With the elections now behind them, the Bush administration and congressional Republicans are salivating at the possibilities for more tax cuts. Already, party leaders have advocated accelerating and making permanent the 2001 tax cut, repealing the corporate tax, creating new tax subsidies for investors and businesses, and so on. But before the victors embark on another costly round of tax cuts, they should clean up the mess created by previous tax-cutting efforts.
That mess takes the form of the Alternative Minimum Tax – or AMT. Currently affecting only a few, mostly wealthy taxpayers, the AMT will expand dramatically over the next several years, visiting high tax rates and mind-numbingly complex paperwork on unsuspecting middle-class families.
A “minimum tax” got its start in 1969, in response to public outrage following a Treasury report that 155 high-income tax filers had paid no income tax. Today’s version, introduced in 1978, parallels the income tax but involves different income definitions, deductions and tax rates. Taxpayers must pay the extra tax when their liability – as calculated under these alternative rules – exceeds their regular income tax liability.
About 1-million households paid the AMT in 1999. But by 2010, some 36-million taxpayers will face it, including virtually all upper-middle-class families with two or more children. Although the tax raises little revenue today, by 2008 it will bring in so much that it would cost the Treasury more to repeal the AMT than to zero out the regular income tax.
The projected expansion can be tied directly to the last two major tax cuts. In 1981 the regular income tax was indexed for inflation, but the AMT was not. As a result, AMT liabilities rise every year even if income just keeps up with inflation. Last year’s tax cut reduces regular income-tax liabilities over the next decade. With AMT liability rising and regular taxes falling, more taxpayers will find themselves in the belly of this beast over time.
These trends are alarming because the AMT violates every tenet of good policy. The tax is notoriously complex, and the complications are largely pointless. Most required to plod through the forms don’t end up owing any additional tax. Those who do pay are often subjected to higher rates than under the regular tax.

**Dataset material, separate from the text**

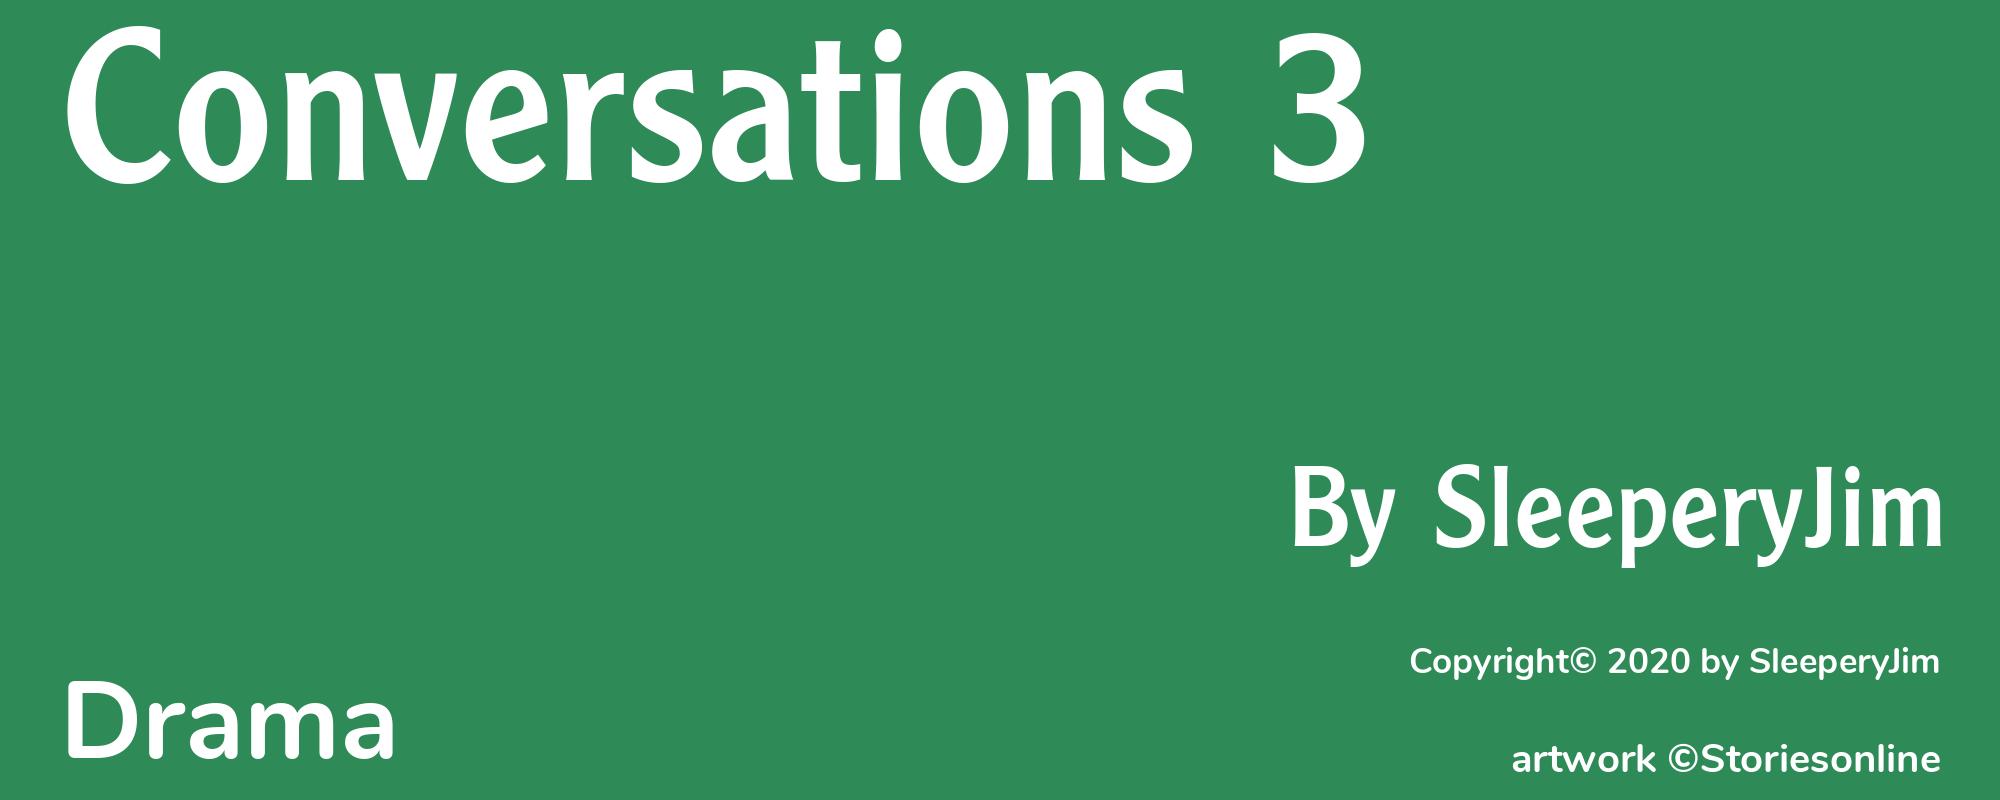 Conversations 3 - Cover

The AMT has veered sharply from its original goals. Originally intended to hamper tax-sheltering activity, it now gets less than 10 percent of its revenue from its anti-shelter provisions. Instead, the tax increasingly burdens families earning under $100,000: By the end of the decade, they will constitute most AMT taxpayers. It imposes severe penalties on people who marry and have children, and it hammers residents of high-tax states because it treats state-income-tax payments as a tax shelter.
For all these reasons, reform should have broad appeal. Simply repealing the AMT without enacting other reforms is not the answer, though. It would cost about $800 billion over the next decade and provide yet another major tax cut for the well-to-do. Given last year’s tax cuts and the deteriorating federal budget, that change would be both undesirable and fiscally irresponsible. And the AMT’s underlying goals do command widespread support.
Those goals could be maintained, and the middle class spared, with a few straightforward changes. This first would be to dramatically raise the AMT exemption and raise the rates as well. A more complete attack would repeal the tax and put its anti-shelter provisions directly into the regular income tax. Although income tax rates would have to rise to cover the revenue loss, it would be a small price to pay for a modicum of sanity in the tax system.
Indeed few policy-makers would explicitly choose the tax structure of the AMT, in which middle-income taxpayers implicitly pay higher rates than the very richest Americans. And if middle-income taxpayers faced not only simpler taxes, but lower taxes as well, that might provide some real comfort.